90.12ASIC::ASIC::KANDAPPANFri Aug 28 1992 16:039
Yes, my understanding is that the management fees of 1% is off the total
assets in the fund; will check tomight though.

I'd be surprised and mighty pleased if the company tied their fees to their
performance. But then, I'd be mighty suspect of the sanity of any company
that tied its fees to the gains, particularly for such highly volatile funds
as 20th Ultra & Giftrust!

-parthi
90.13Vote NO on 5ASDG::WATSONDiscover AmericaTue Jun 15 1993 14:1013
    I noticed last night in my 20th Century semi-annual report, with
    ballot, that Growth has purchased DEC stock under its computer group.

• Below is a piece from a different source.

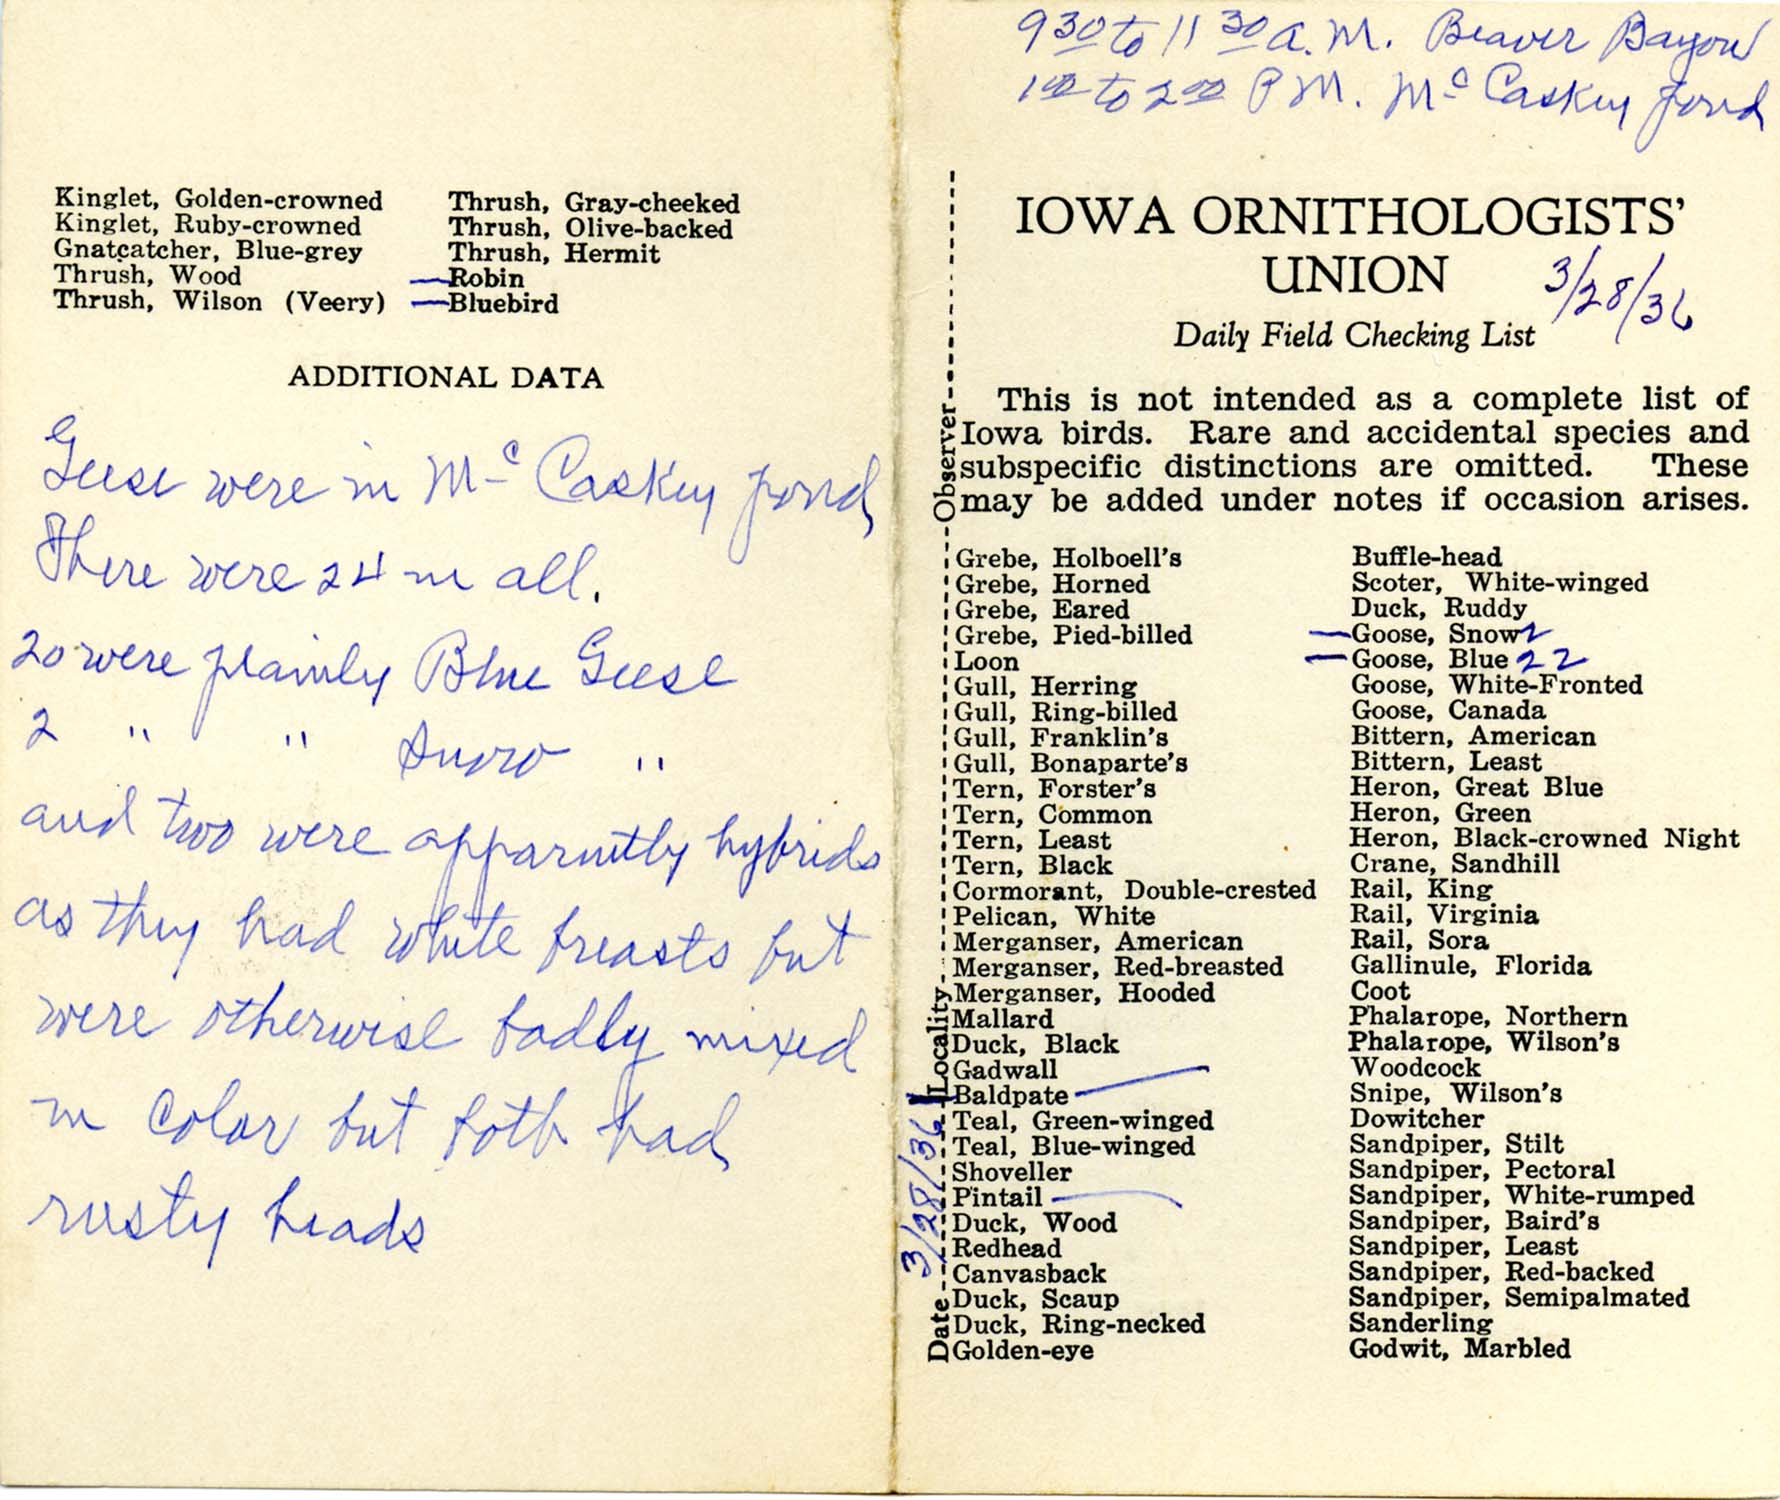 Daily field checking list by Walter Rosene, March 28, 1936

    Growth is also doing very poorly....
    
    As for the ballot, I disapproved the desire to change voting from 
    share based to dollar based voting. It won't count for much, but it'll
    count less if the voting right is changed.
    
    And since I was in a rebellious mood, I also withheld nomination for 
    James Stowers III, 34 yro son and now President of the Investment firm
    as announced by Dad in the ballot info. Dad is off fishing I suppose.
    
    Bob
90.14GROWTH? Buy, sell or hold?ASDG::WATSONDiscover AmericaThu Dec 02 1993 11:459
    
    Is anyone else out there still hanging in with 20th Century's 
    GROWTH fund? It's been a dog (DEC stock may be part of that).
    
    ULTRA has done well but I'm not sure about keeping GROWTH much longer.
    
    Anyone have an advice one way or the other?
    
    Bob
90.15IntEq doing OK tooCSC32::J_MORTONO8-OO-2b || ! 2bMon Dec 06 1993 13:586
    In addition to ULTRA, their International Equity fund has been doing 
    fairly well, too.
    
    fyi,
    
    /jimm
90.16Been there, done that.KYOSS1::HANSONJust doin&#039; what makes sense.Thu Dec 09 1993 12:469
    
    I moved from Vista to Ultra a couple of weeks ago, since Vista was also
    underperforming.  I immediately saw Ultra take a bit of a nosedive, but
    it's on its way back up now.
    
    I figure that the fund is just accustomed to some rather wild swings.
    
    Bob
    
90.17For those of you who like roller coasters . . .WREATH::FRANZOSAThu Dec 09 1993 14:305
20th Century Vista and Ultra are both fairly volatile funds. Vista has been hampered
in the last year because they invest substantially in health care. That should settle
down once people get comfortable with the idea of change in health care management.
Regardless, 20th Century funds generally have enjoyed a reputation for being well-managed
and affordable to small investors and that's really what you're betting on.